"""

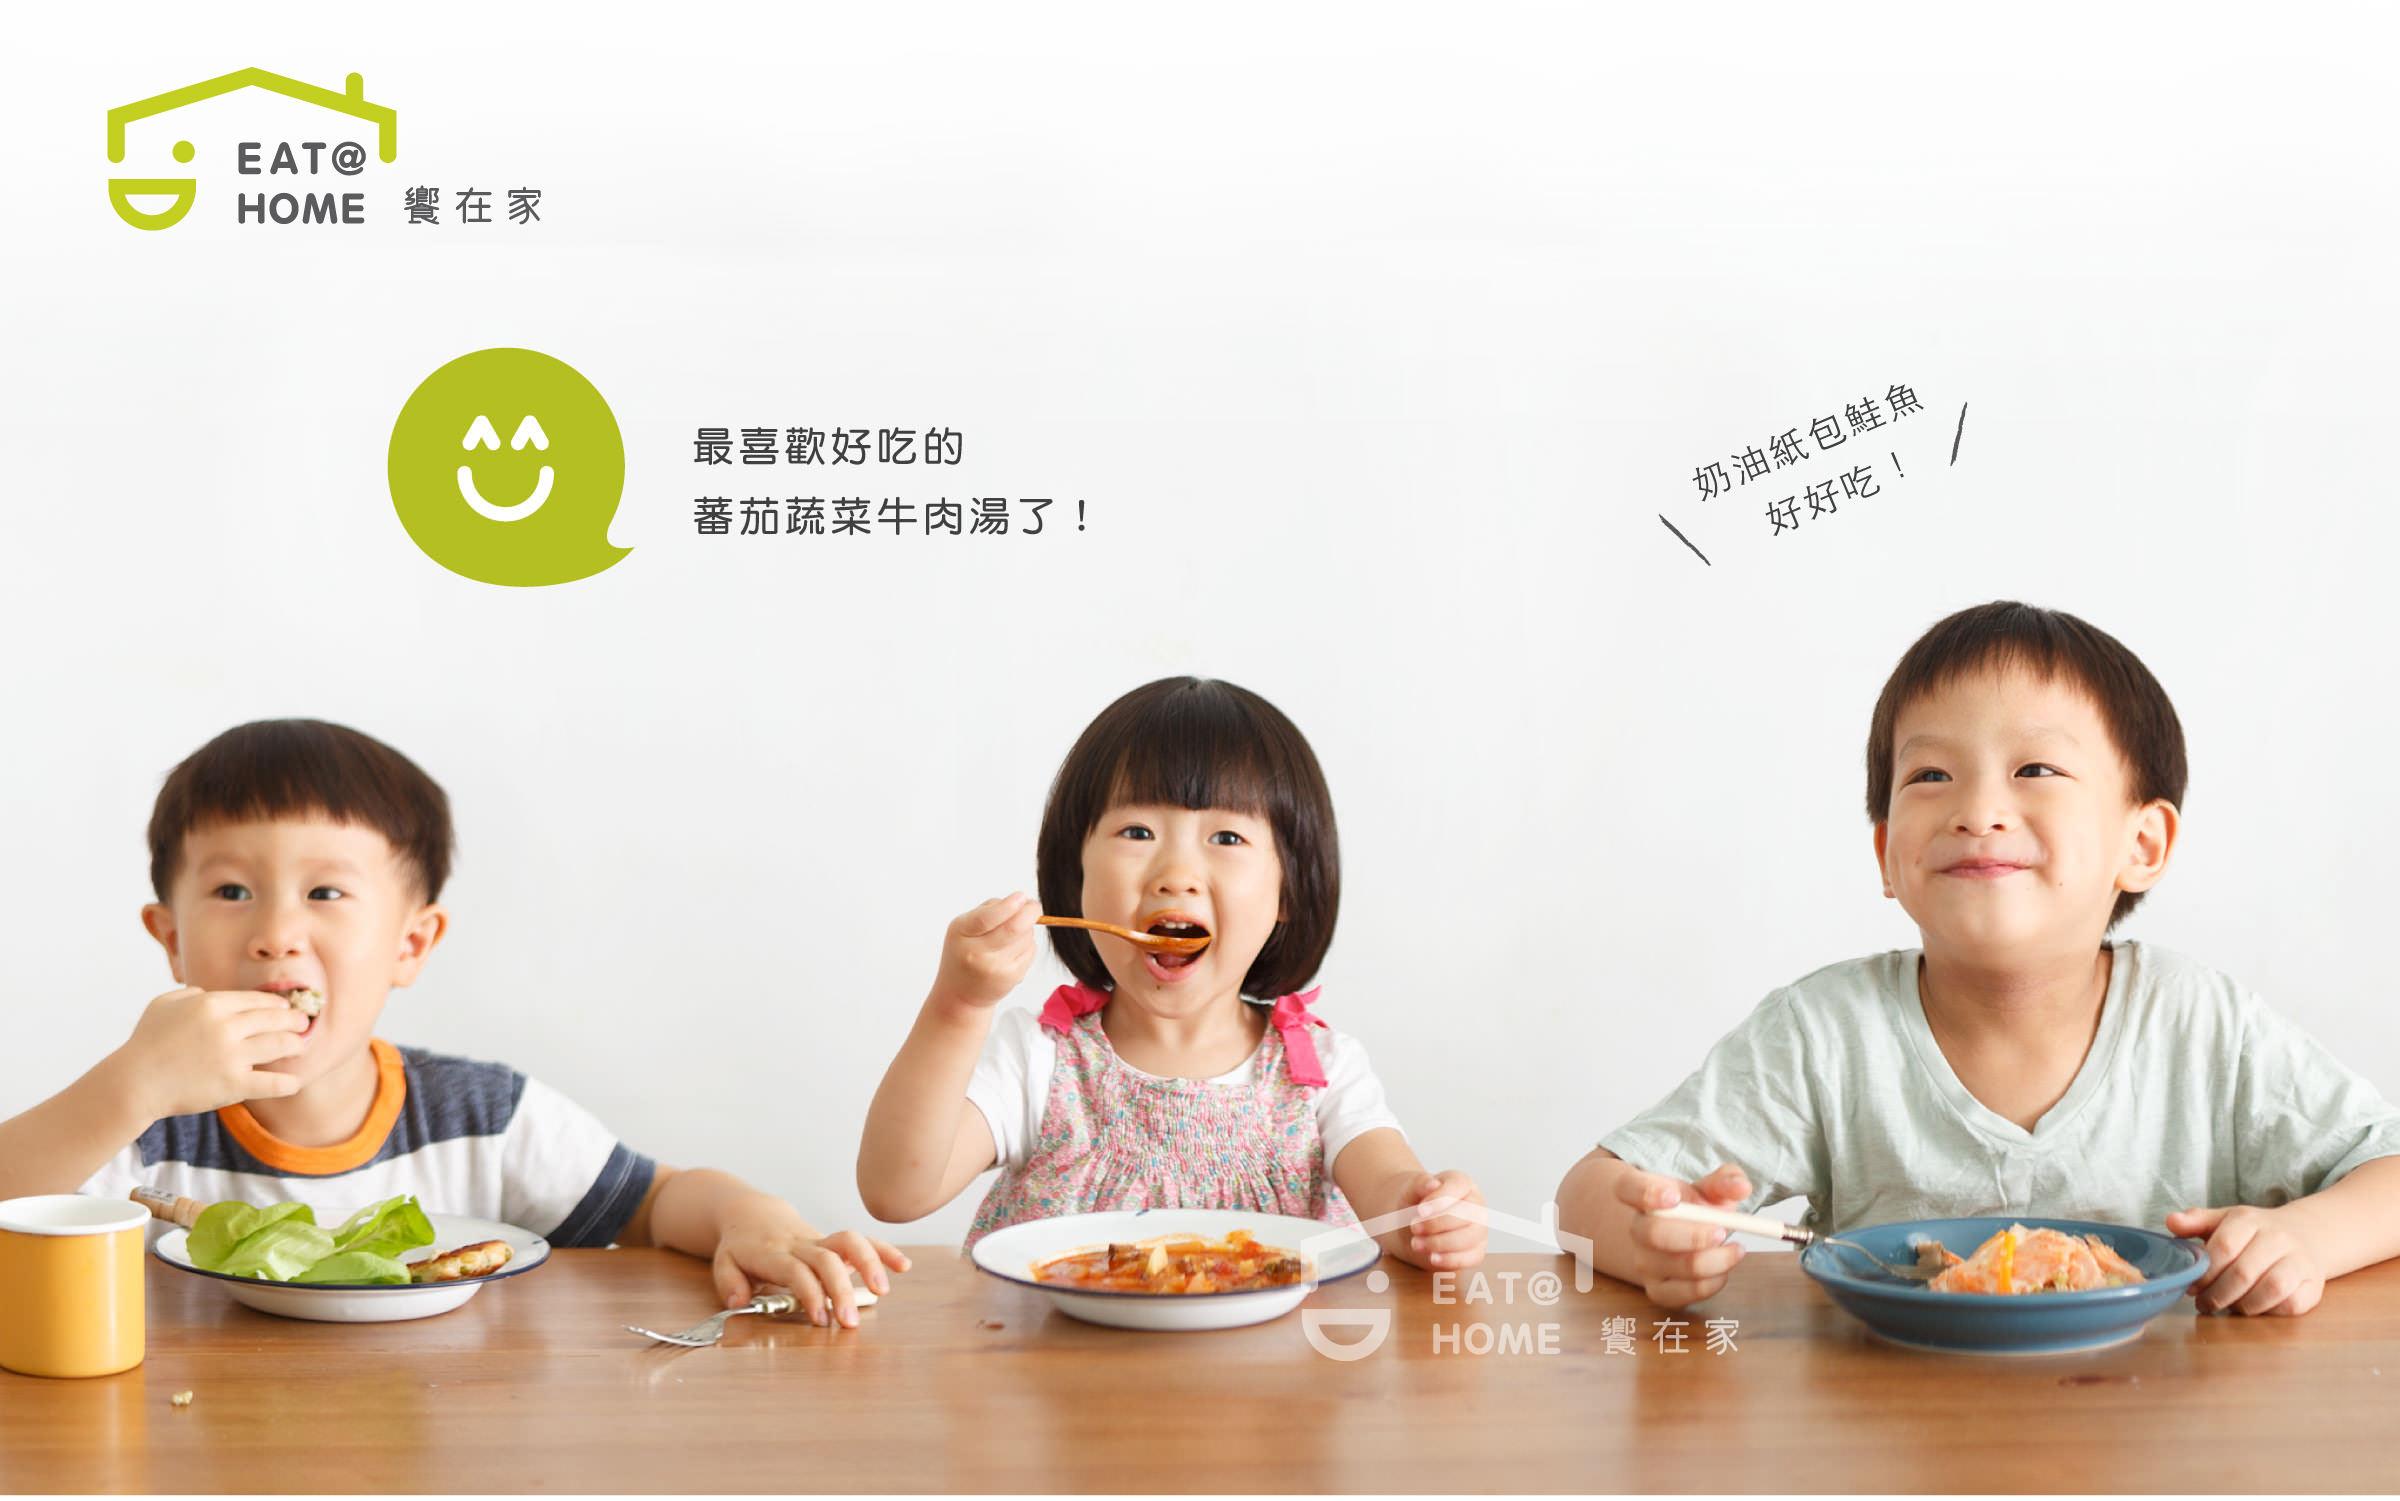 EAT_slide_20150224_2-1.jpg
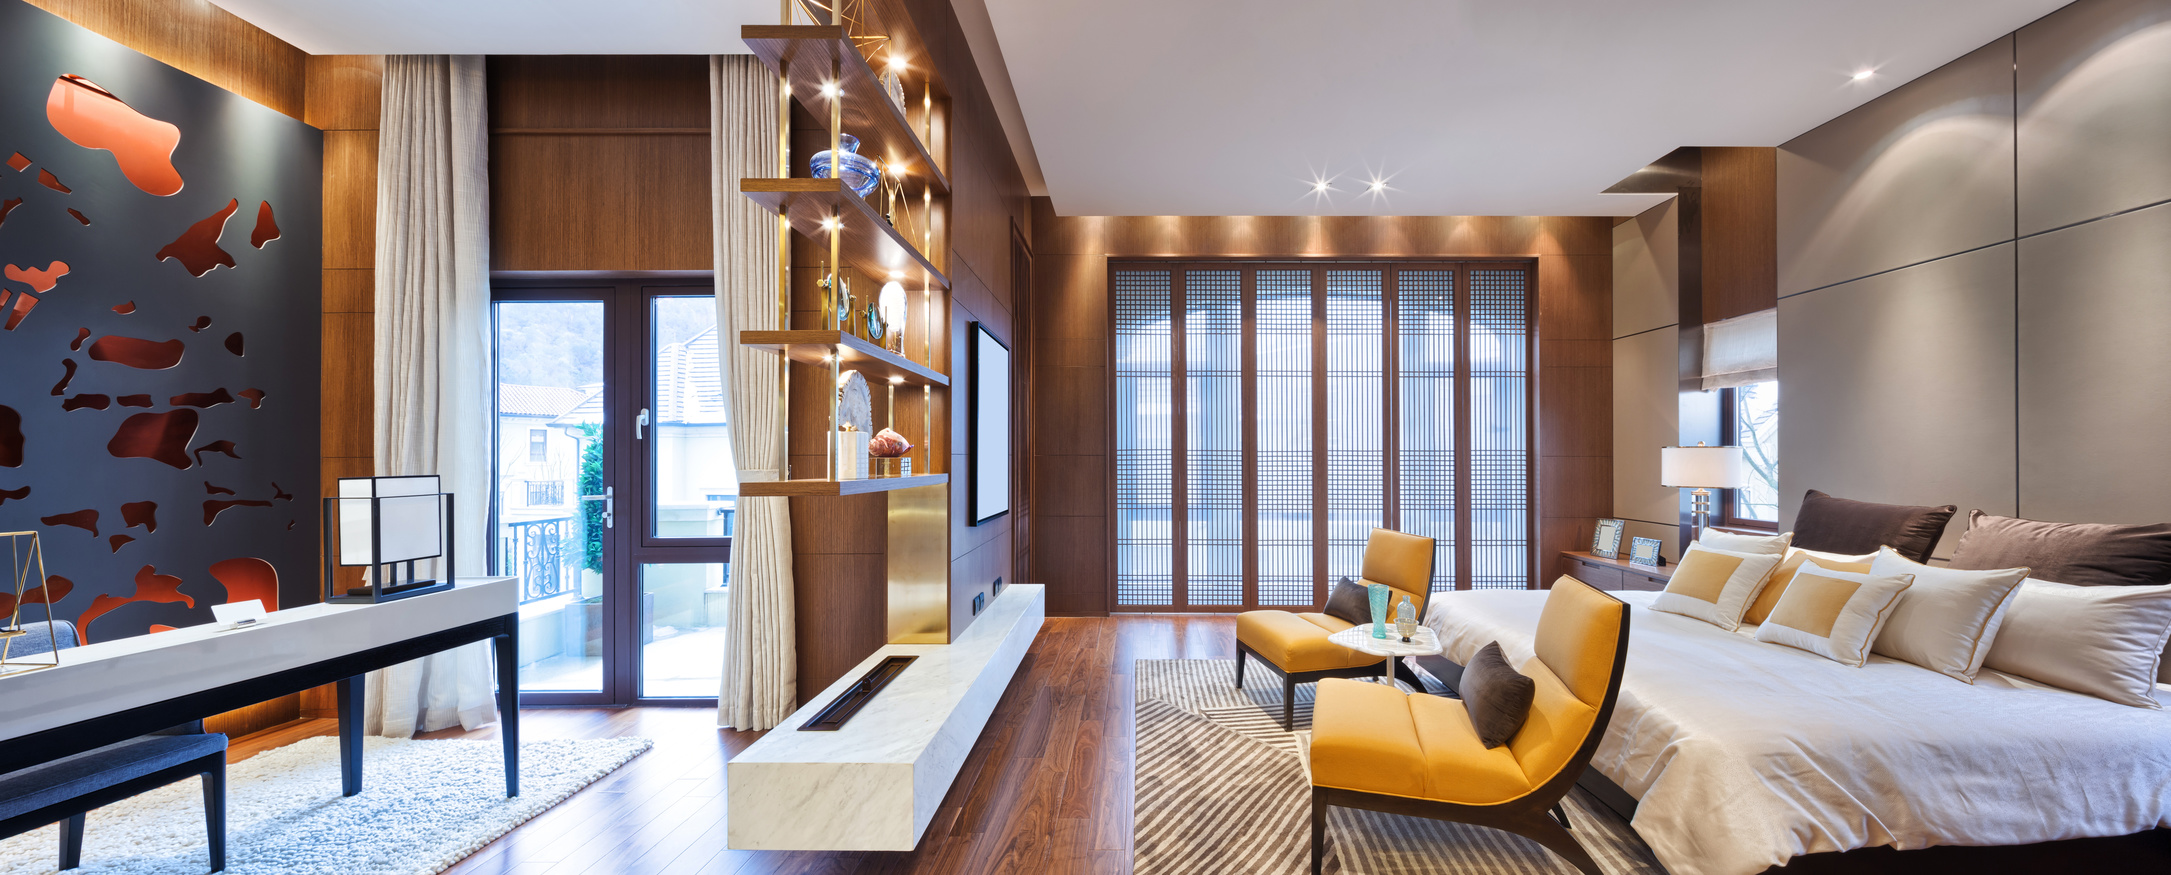 Stil Ihr  Hause , mit Modernität und Eleganz Mit den klassischen Haus-Dekors und Möbel
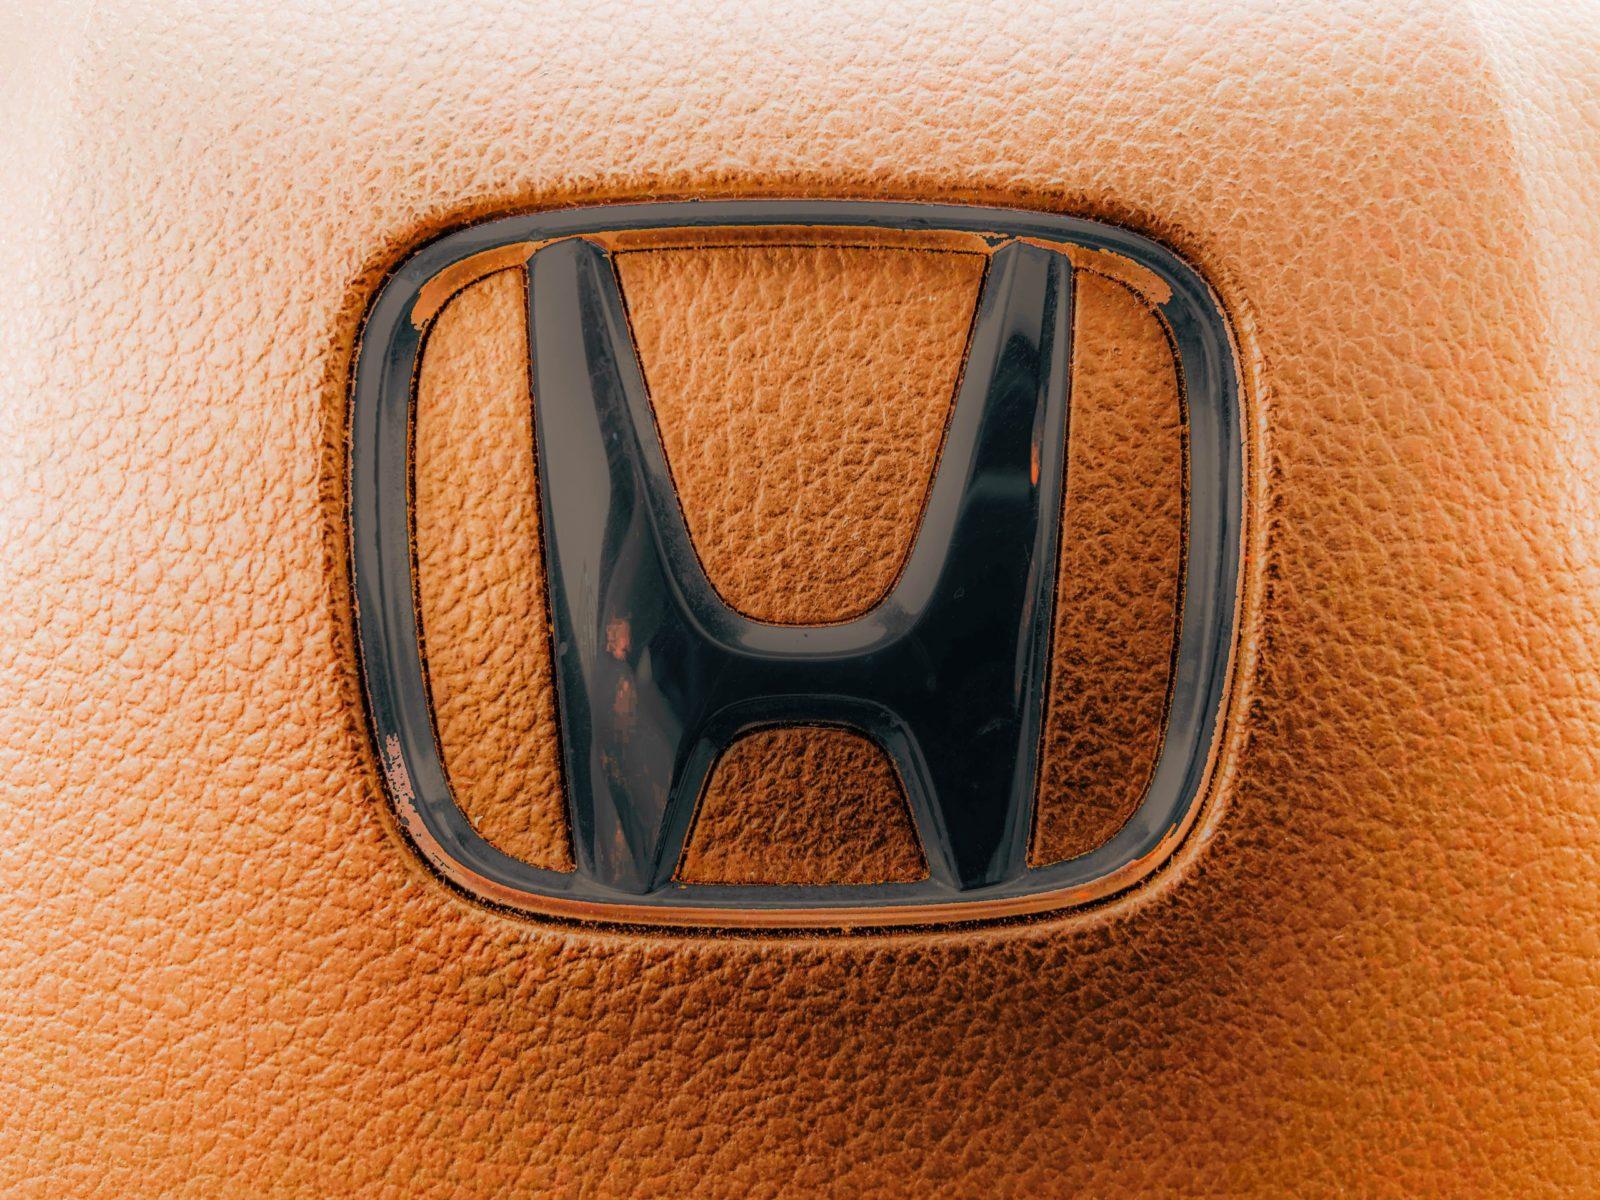 Ремонт и ТО Honda в Санкт-Петербурге honda-to.ru

"""

- Exercise instructions: What's needed is a word-for-word retyping of the listing, minus its pictures.

- Written solution:
 EAT_slide_20150224_2-1.jpg
 Stil Ihr  Hause , mit Modernität und Eleganz Mit den klassischen Haus-Dekors und Möbel
 Ремонт и ТО Honda в Санкт-Петербурге honda-to.ru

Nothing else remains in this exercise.